VTK is available at http://www.vtk.org/. All you have to do is download the library and use CMake in order to create the binaries for your development environment. In this book, we used version 6.3.0. In addition, you should define the VTK_DIR
environment variable, pointing to the directory containing the built files. Also, in the configuration options proposed during the OpenCV installation process with CMake, make sure that the WITH_VTK
option is checked.
OpenCV is an open source project that welcomes user contributions. The library is hosted on GitHub, a web service that offers version control and source code management tools based on Git. You can access the developer site at https://github.com/opencv/opencv/wiki . Among other things, you can access the currently developed version of OpenCV. The community uses Git as their version control system. Git is also a free open source software system; it is probably the best tool you can use to manage your own source code.
Note
Downloading the example source code of this book: The source code files of the examples presented in this cookbook are also hosted on GitHub. Please visit the author's repository at https://github.com/laganiere to obtain the latest version of the code. Note that you can download the example code files for all the Packt books you have purchased from your account at http://www.packtpub.com . If you have purchased this book elsewhere, you can visit http://www.packtpub.com/support and register yourselves there to have the files e-mailed directly to you.

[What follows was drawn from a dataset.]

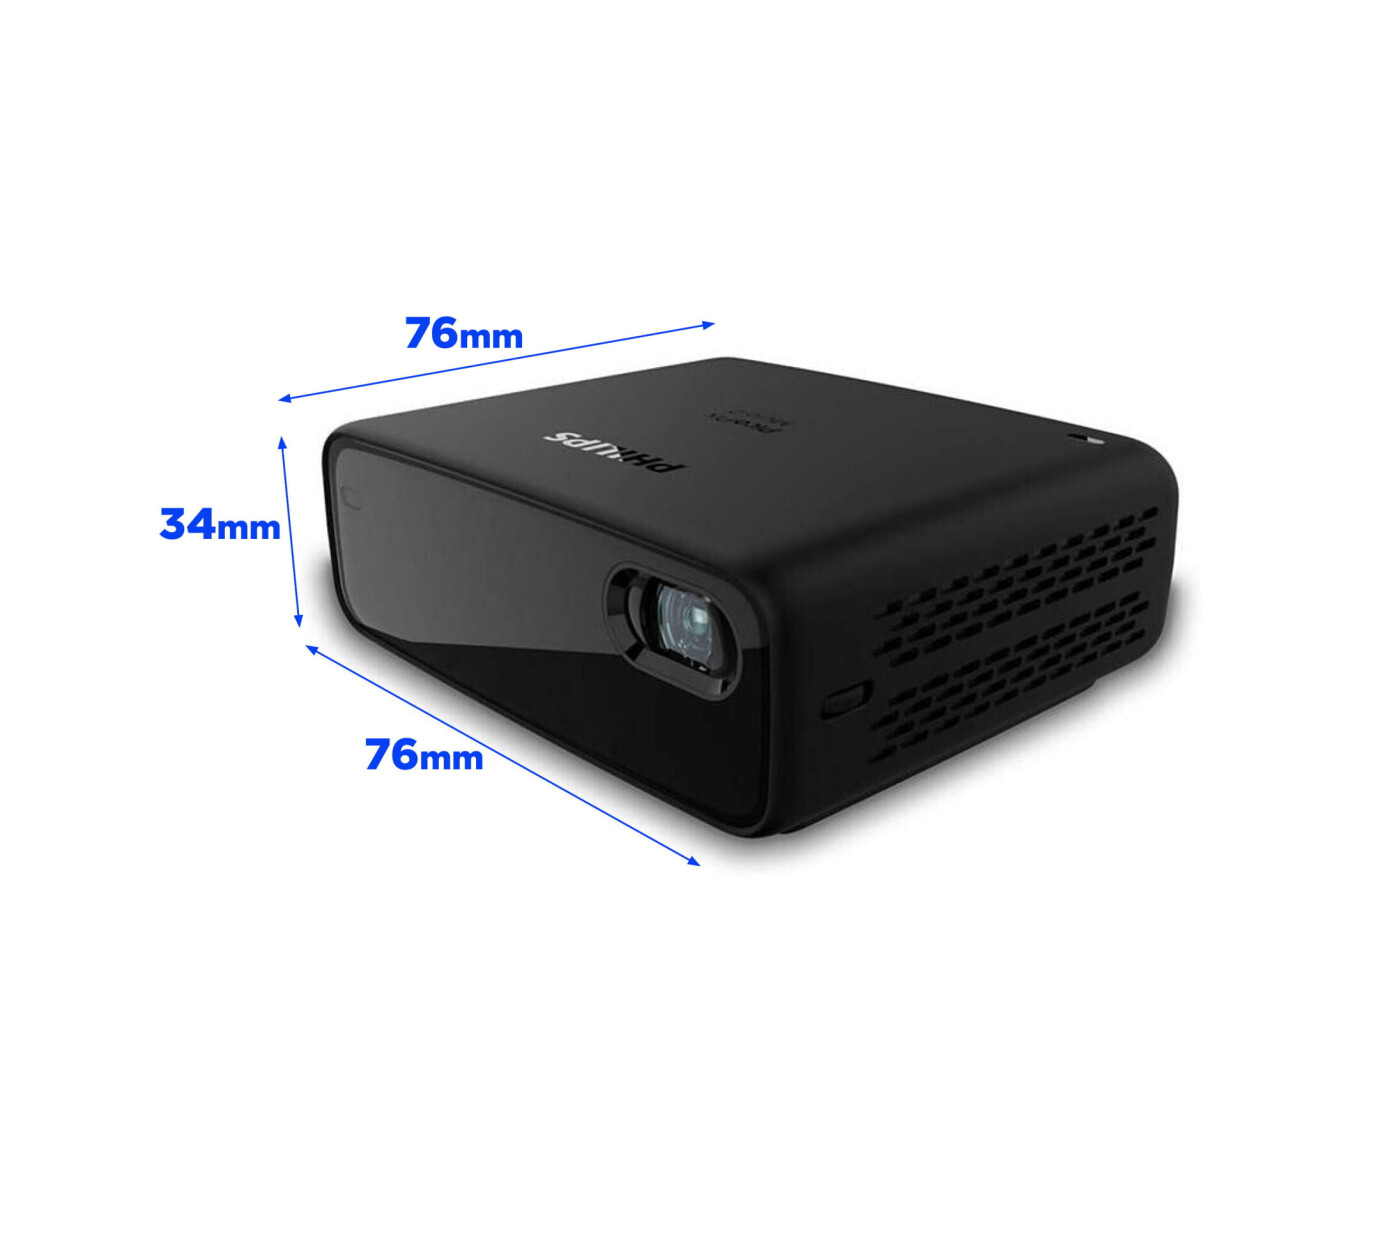 Vorschau: Philips PicoPix Micro 2 Mini LED Beamer mit WVGA Auflösung - Demo

The author's website (http://www.laganiere.name/) also presents step-by-step instructions on how to install the latest versions of the OpenCV library
Visit https://git-scm.com/ and https://github.com/ to learn more about source code management.
It is now time to run your first OpenCV application. Since OpenCV is about processing images, this task will show you how to perform the most fundamental operations needed in the development of imaging applications. These are loading an input image from a file, displaying an image on a window, applying a processing function, and saving the output image.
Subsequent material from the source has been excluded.